Rao Routhu Srinivasa, Kondaiah Cheemaladinne, Pais Alwyn Roshan, Lee Bumshik
Department of Computer Science and Engineering, Gandhi Institute of Technology and Management, Visakhapatnam, Andhra Pradesh, 530045, India.
Department of Information and Communication Engineering, Chosun University, Gwangju, 61452, Republic of Korea.
Sci Rep. 2025 May 15;15(1):16839. doi: 10.1038/s41598-025-02009-8.

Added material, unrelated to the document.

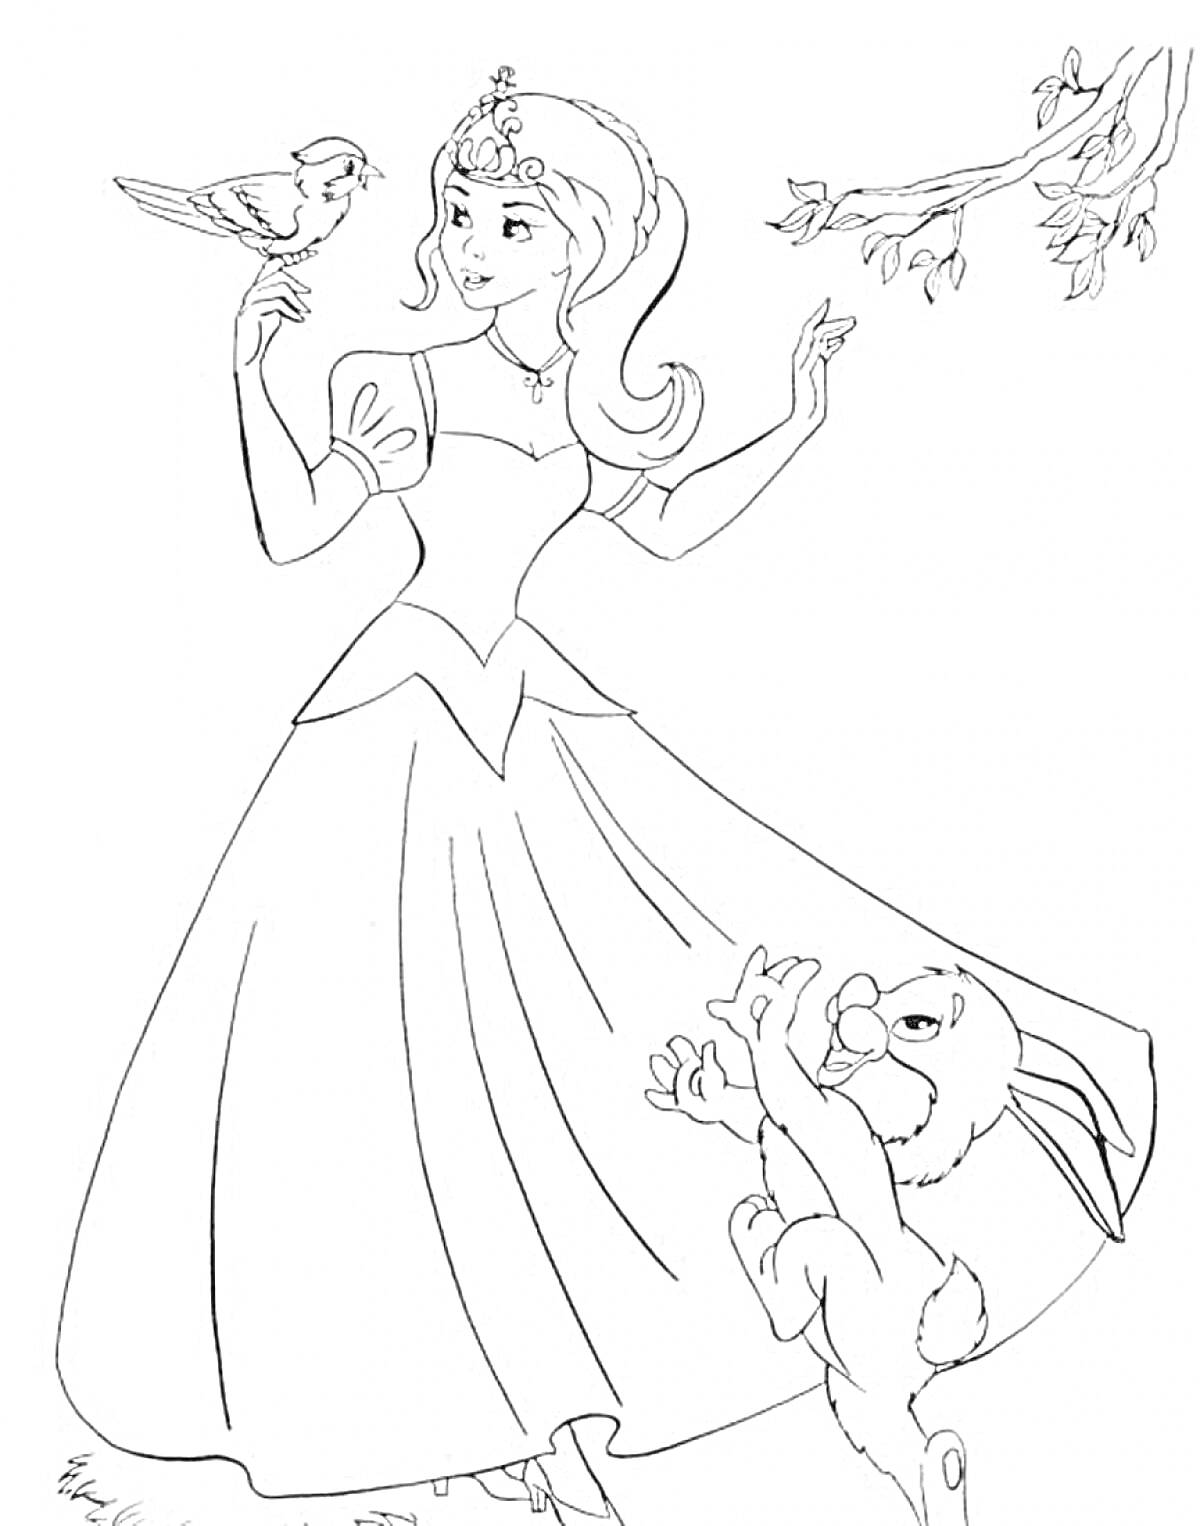 Раскраска Принцесса с птицей на руке и зайчиком у подола платья, ветка с листьями в правом верхнем углу

In today's digital age, the rapid increase in online users and massive network traffic has made ensuring security more challenging. Among the various cyber threats, phishing remains one of the most significant. Phishing is a cyberattack in which attackers steal sensitive information, such as usernames, passwords, and credit card details, through fake web pages designed to mimic legitimate websites. These attacks primarily occur via emails or websites. Several antiphishing techniques, such as blacklist-based, source code analysis, and visual similarity-based methods, have been developed to counter phishing websites. However, these methods have specific limitations, including vulnerability to zero-day attacks, susceptibility to drive-by-downloads, and high detection latency. Furthermore, many of these techniques are unsuitable for mobile devices, which face additional constraints, such as limited RAM, smaller screen sizes, and lower computational power. To address these limitations, this paper proposes a novel hybrid super learner ensemble model named Phish-Jam, a mobile application specifically designed for phishing detection on mobile devices. Phish-Jam utilizes a super learner ensemble that combines predictions from diverse Machine Learning (ML) algorithms to classify legitimate and phishing websites. By focusing on extracting features from URLs, including handcrafted features, transformer-based text embeddings, and other Deep Learning (DL) architectures, the proposed model offers several advantages: fast computation, language independence, and robustness against accidental malware downloads. From the experimental analysis, it is observed that the super learner ensemble achieved significant accuracy of 98.93%, precision of 99.15%, MCC of 97.81% and F1 Score of 99.07%.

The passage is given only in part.